87º feels like 96º ~ removed from the excessive heat advisory b/c index won’t go over 100º, perhaps I’ll need my sweater
∞
I’m thinking today about vulnerability and how I’ve been conditioned not to show it. When confronted with a problem, or a task at work, I’ve always put my shoulder to the boulder and persevered without question, without too much complaint, and definitely without asking for help. This behavior has been reinforced because I’m often praised for my results, which are largely based on sweat, stress, and unwavering persistence. I’ve been heard to say, “Failure is not an option,” a commonly heralded, proto-American trait. And, yes, it is good to succeed, but over and over, I’m learning that I need not bear all the weight in completing every project for work or home.
In fact, in my attempt to appear “practically perfect in every way,” à la Mary Poppins, I’m actually failing myself.
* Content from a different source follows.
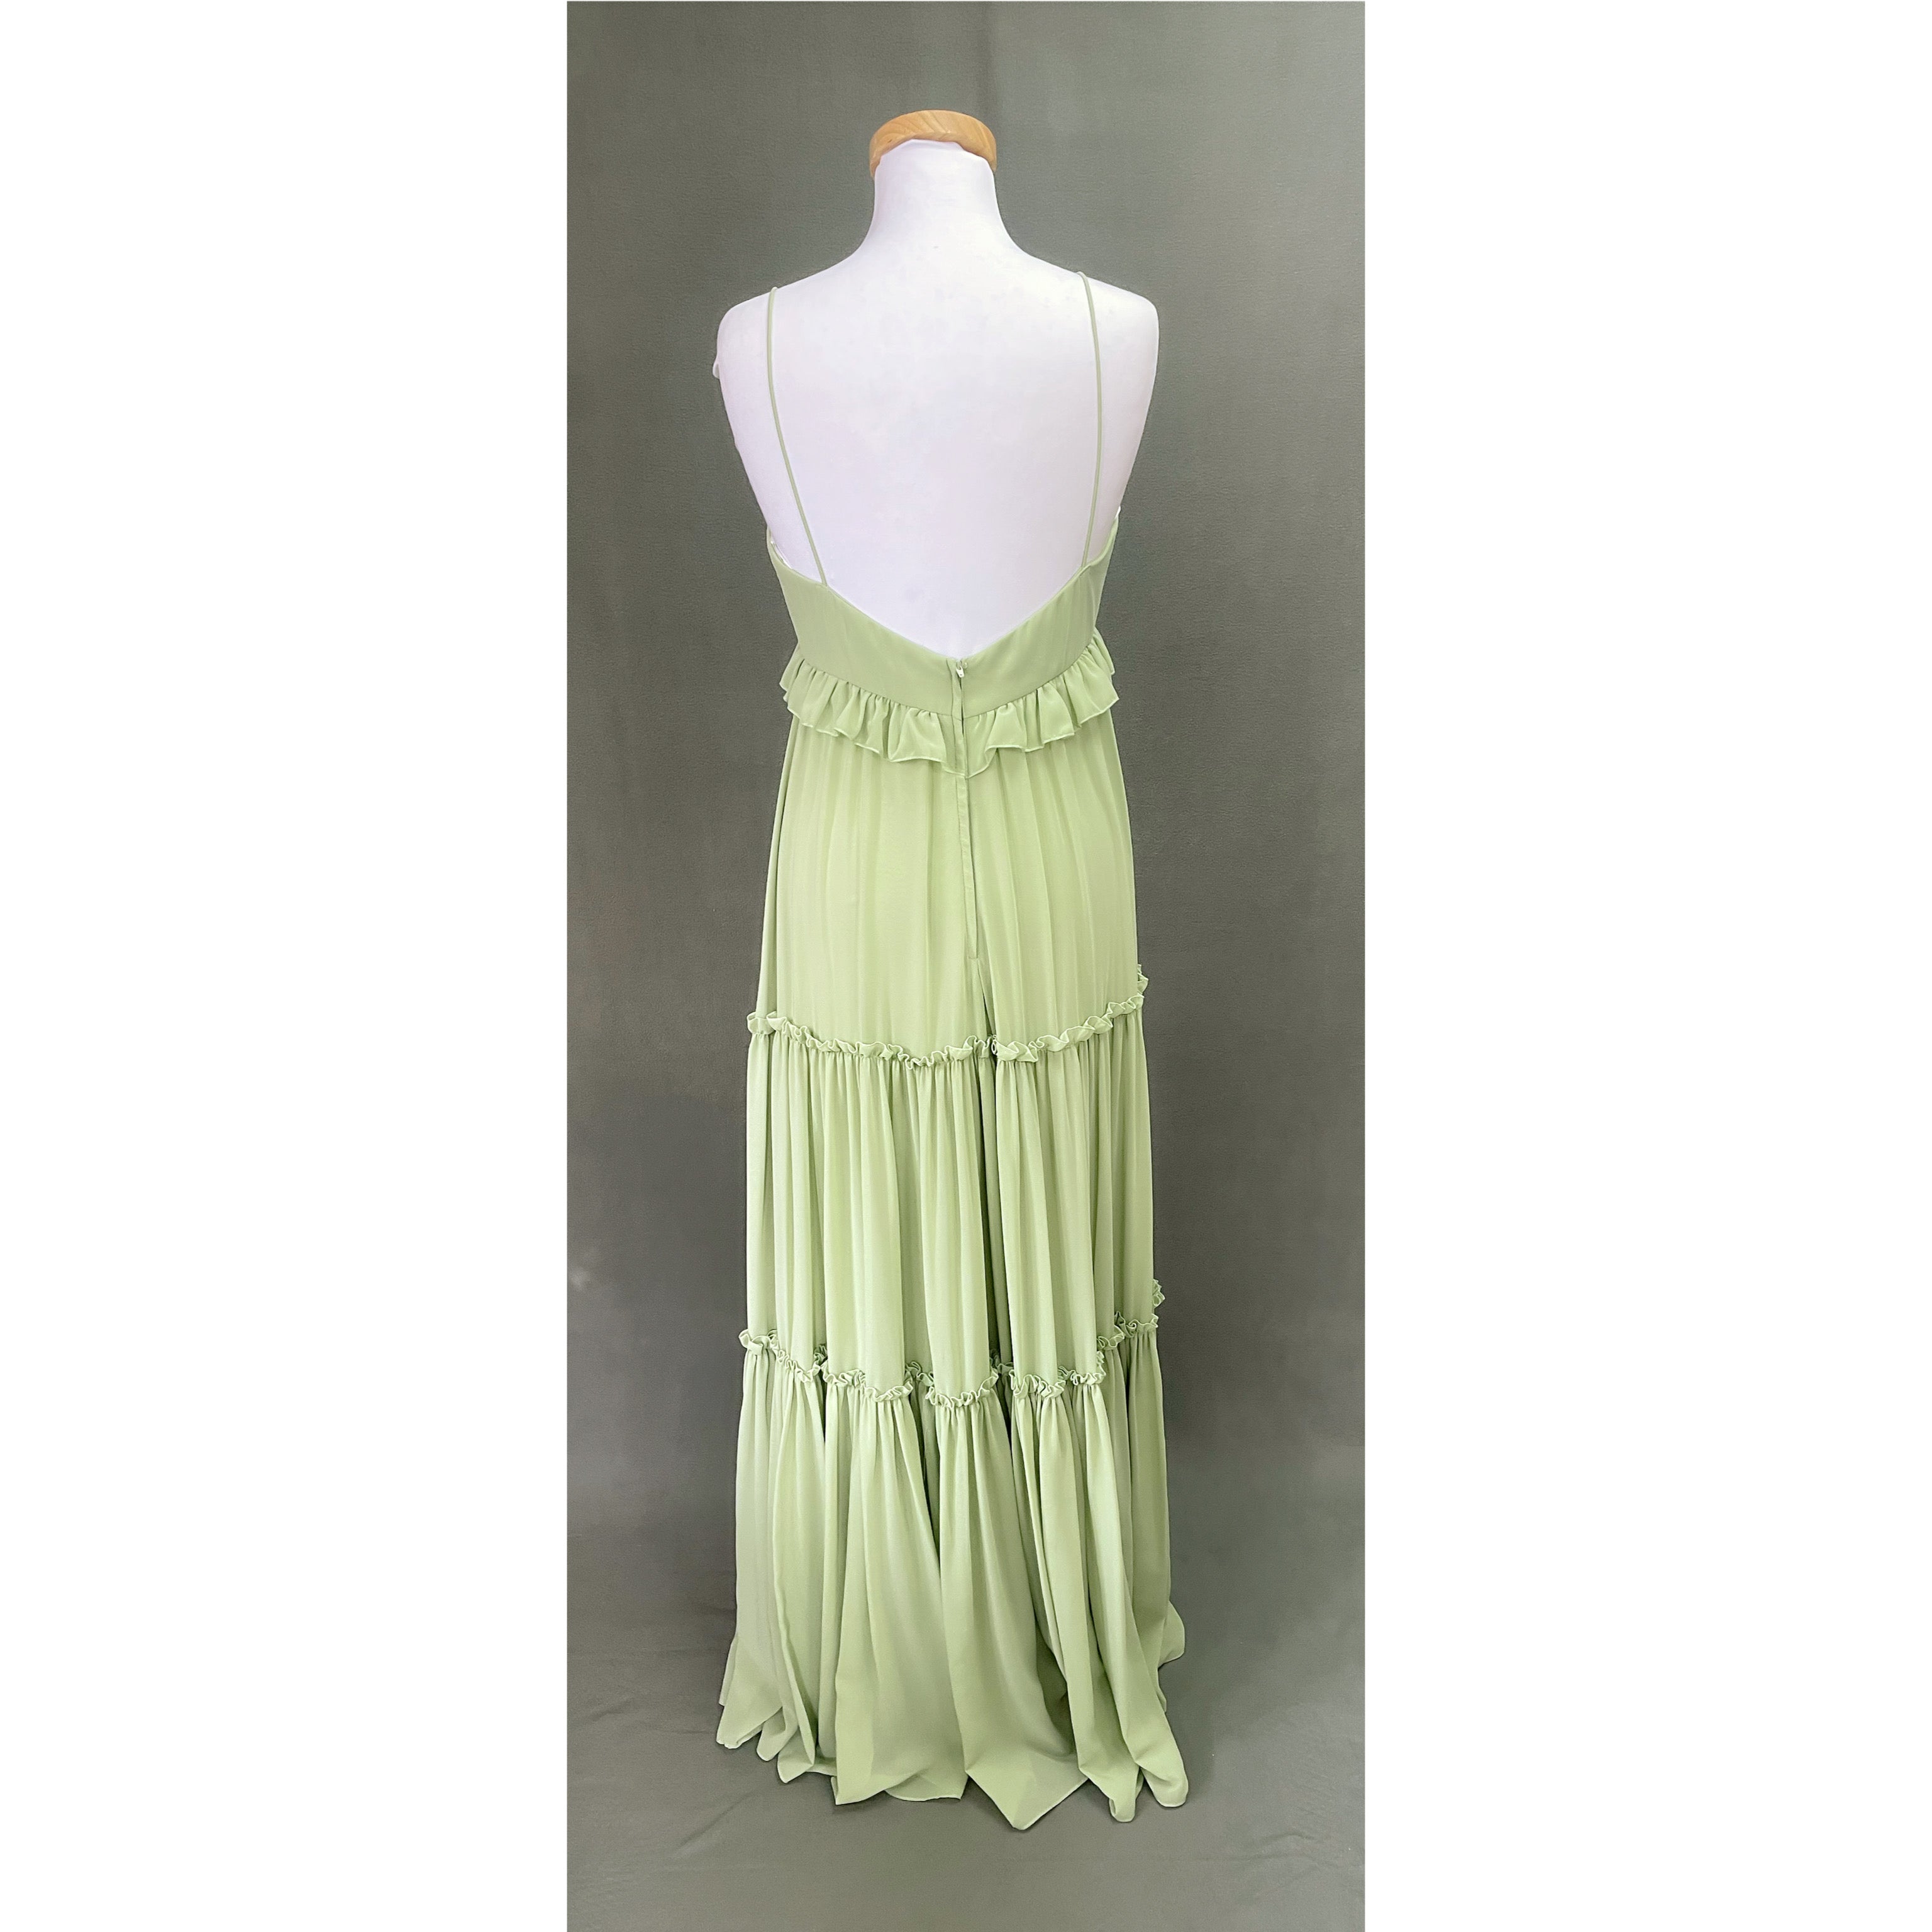 Sage dress, size 8

Because I have feared being seen as weak and vulnerable, when a project has stymied me or has required more time than I actually have, I have refused to ask for help. I have, instead, sweated it out and found a way to solve the problem at hand, often doing work that would more easily be done by others. For example, I have been known to try to learn a whole new design program overnight rather than admit my flyer-making skills are, well, fledgling at best. Dare I claim that my gender contributes to this fear? I dare. Coming of age in the 80s, I was acutely aware that women who wanted to have it all must never admit vulnerability. (And who would not want to have it all?) I understood early that my job was to prove I could do everything a man could do, but, à la Ginger Rogers, “backwards and in high heels.”
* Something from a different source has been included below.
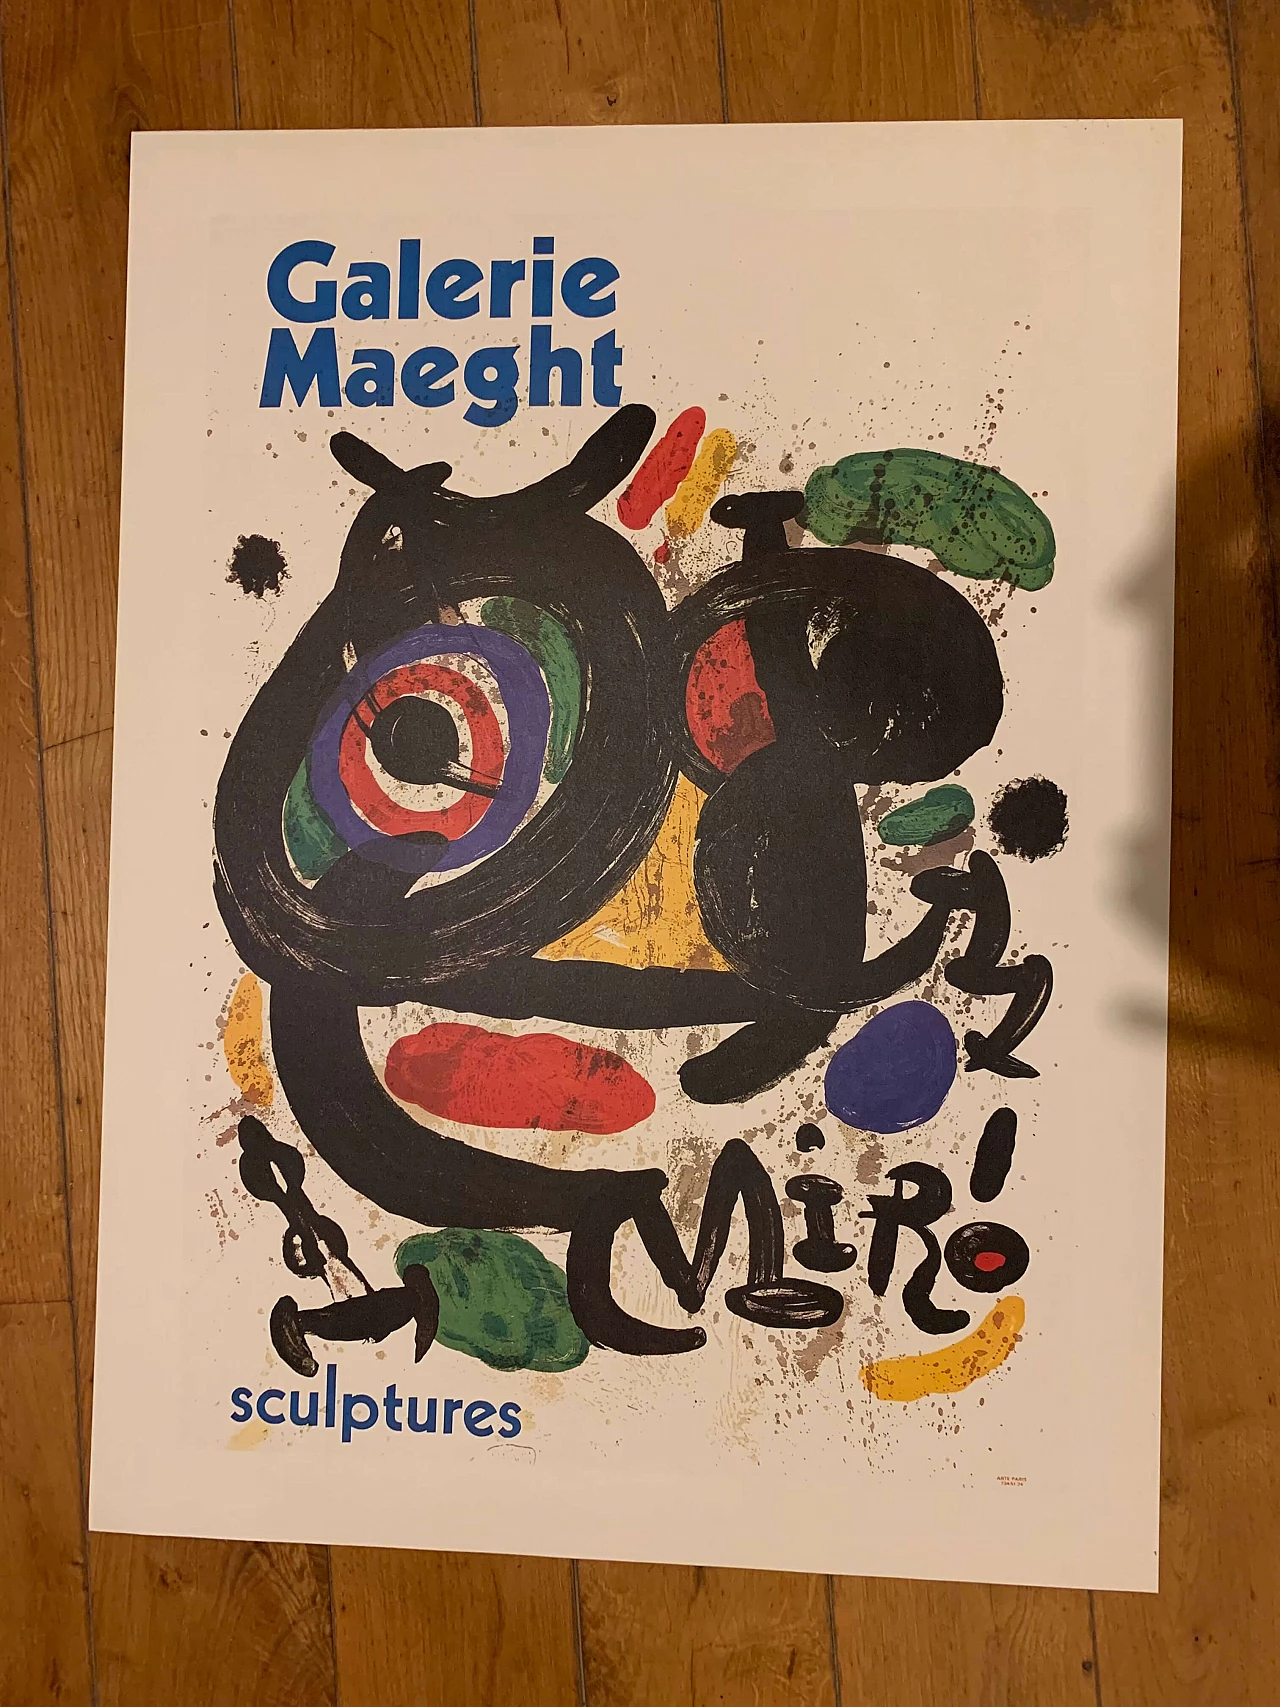 Manifesto per mostra di Joan Miró alla Galerie Maeght, anni '70 1

What does this have to do with poetry? Time. Energy. A quiet mind. Writing takes all three; attempting to conquer every other task set before me by my job and my household consumes all three. Because I was determined to be seen as a success at work, this past academic year I gave nearly all of my being to completing work goals. I wrote only a few new drafts, sent out very few poems, and read very little poetry outside of course texts. By May, I knew this behavior was unsustainable, and I’ve spent much of the summer working on positive steps forward.
Recently, I woke up to the fact that I don’t have to do it all alone. I began asking for help. I began exposing what I saw as my own vulnerabilities, and no one blinked an eye. Instead, they answered, and they helped. I recovered some time, some energy, and glimpses of a quieter mind.
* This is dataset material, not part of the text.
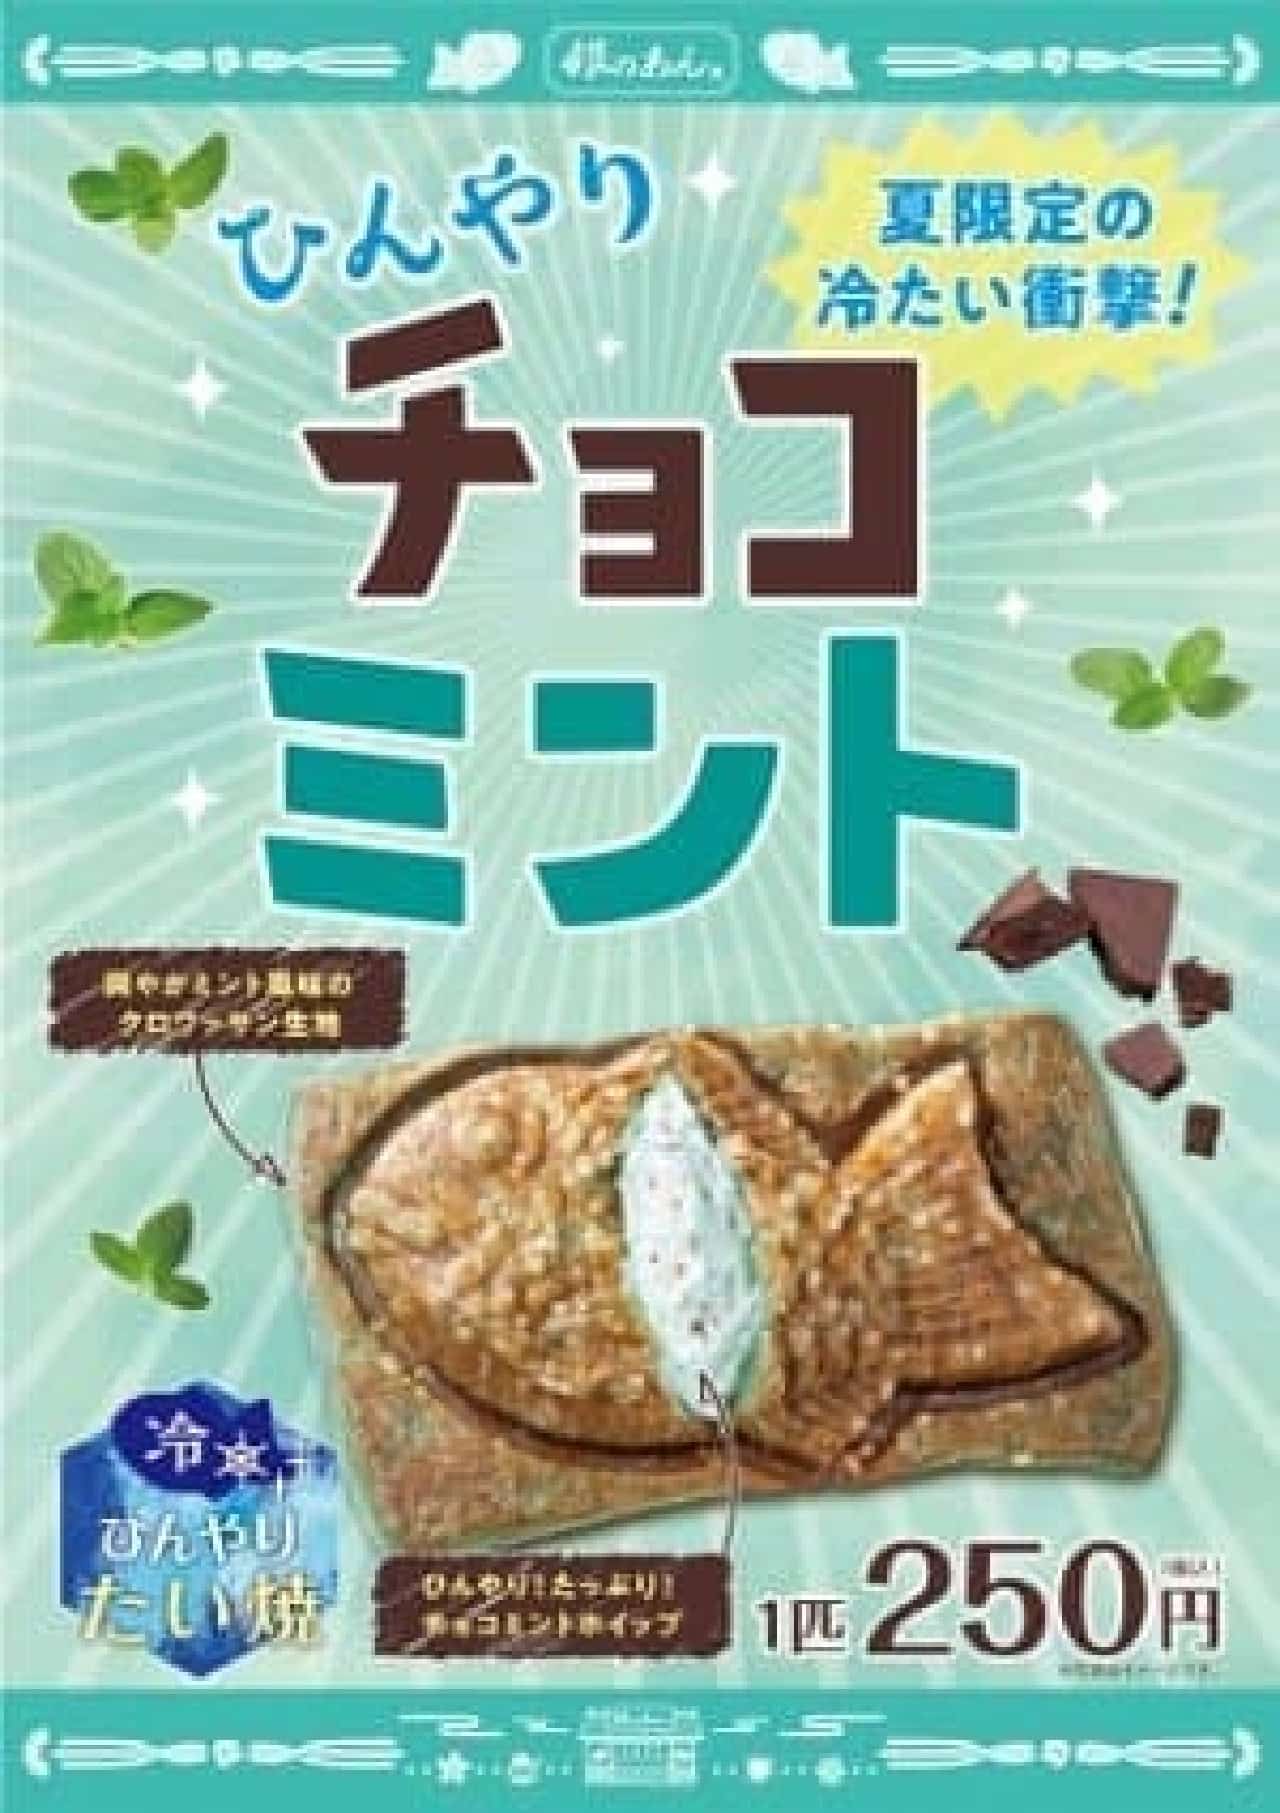 Silver bean paste croissant Taiyaki "cool chocolate mint"

I learn, but slowly, that I will always be a student, even as I stand in the classroom as the professor. In the classroom, I ask my students to be vulnerable over and over; I remind them that there are no silly questions, that all rough drafts are messy, that I am there to help. I offer them handouts on campus resources for the problems they experience beyond creative writing. I encourage them to form support networks among themselves. I ask them to fail on the page over and over. Yet, I have refused to admit my own vulnerability so often in all the realms outside of my writing practice (there, I fail spectacularly and accept it). Let’s face it, I have been scared of being exposed as a fraud because the models of success held up by our society rarely admit to their own vulnerabilities.
All of this is to say that I feel a bit of a breakthrough, and I hope to continue to practice asking for help, to continue sharing the workload when appropriate, and to continue experiencing these benefits.